Only a single entity of each module serves as its output (referred to as “ communicating intermediates” in [14]) and carries the signal to the next module in the cascade. For the MAPK pathway, pRD (active EGFR), pShcGrb2SOS complex, RasGTP, aaRaf (activated Raf), ppMEK and ppERK were considered to be the outputs of their corresponding modules.
We developed a mathematical model to simulate the responses of different modules of the MAPK pathway to a series of experimental perturbations.
Computational simulation of the MAPK pathway
Our mathematical model consists of a set of ordinary differential equations (ODE) which describe the biochemical reactions of the MAPK pathway (see Additional file 3 for details of the ODE model). Using this model we simulated different perturbations each affecting a single module. The receptor, adapter, initiator, MAP3K, MAP2K and MAPK modules were perturbed by knocking down EGFR, Shc, Ras, Raf, MEK and ERK genes respectively. Knockdown of a gene was simulated by reducing the expression level of its protein product, which depends on the efficiency of the knockdown. We assumed for illustration purpose that if a gene is knocked down with 80% efficiency then the expression level of its product protein is reduced to 20% of its original level. Each knockdown experiment was repeated three times with 40%, 60% and 80% knockdown efficiencies. After each perturbation, the MAPK pathway was allowed to reach a new steady state and the steady state responses of the output of each module was measured.

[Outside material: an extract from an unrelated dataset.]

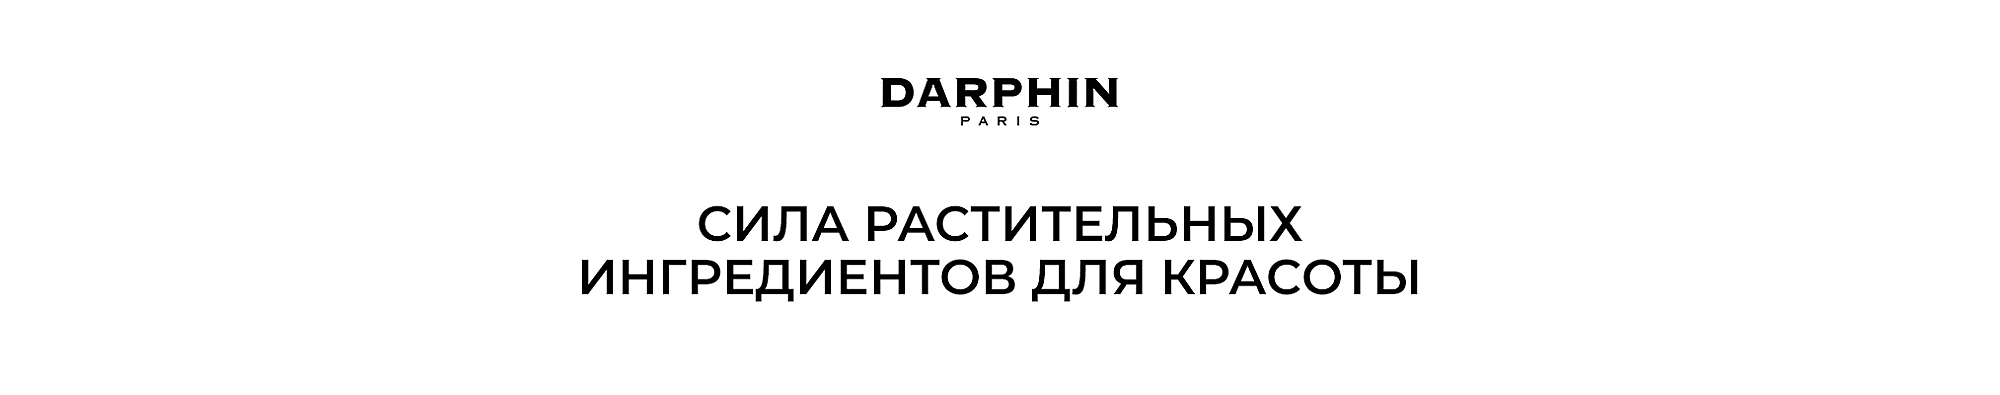 Darphin

Network reconstruction from simulated response of the MAPK pathway
For network reconstruction, we calculated the global responses of each module to different perturbations using Eq. 1. These responses form the global response matrix R. The rows of this matrix represent the network modules and the columns represent the perturbations performed on the MAPK pathway. R was then row standardized, i.e. each of its row was divided by its standard deviation. The standardization was performed to ensure equal variability in the responses of each module. The standardized global response matrix was then used to reconstruct the modular network of the MAPK pathway using BVSA. Firstly, the MAPK network was conceptually divided into six subnetworks, each of which corresponds to a certain module and its potential regulators. The topology of each subnetwork (i) was inferred separately, by sampling from the posterior distribution (P(A_{ i }R)) of the corresponding binary variables (A_{ i }) using five parallel Gibbs samplers. Each of these samplers produced 200 realizations (samples) of A_{ i } in as many iterations. The convergence of these samplers are illustrated in Additional file 4: Figure S1. We rejected 20% of the initial samples drawn by each sampler as burnins and used the rest of the samples to estimate the probabilities P_{ i j } = P(A_{ i j } = 1).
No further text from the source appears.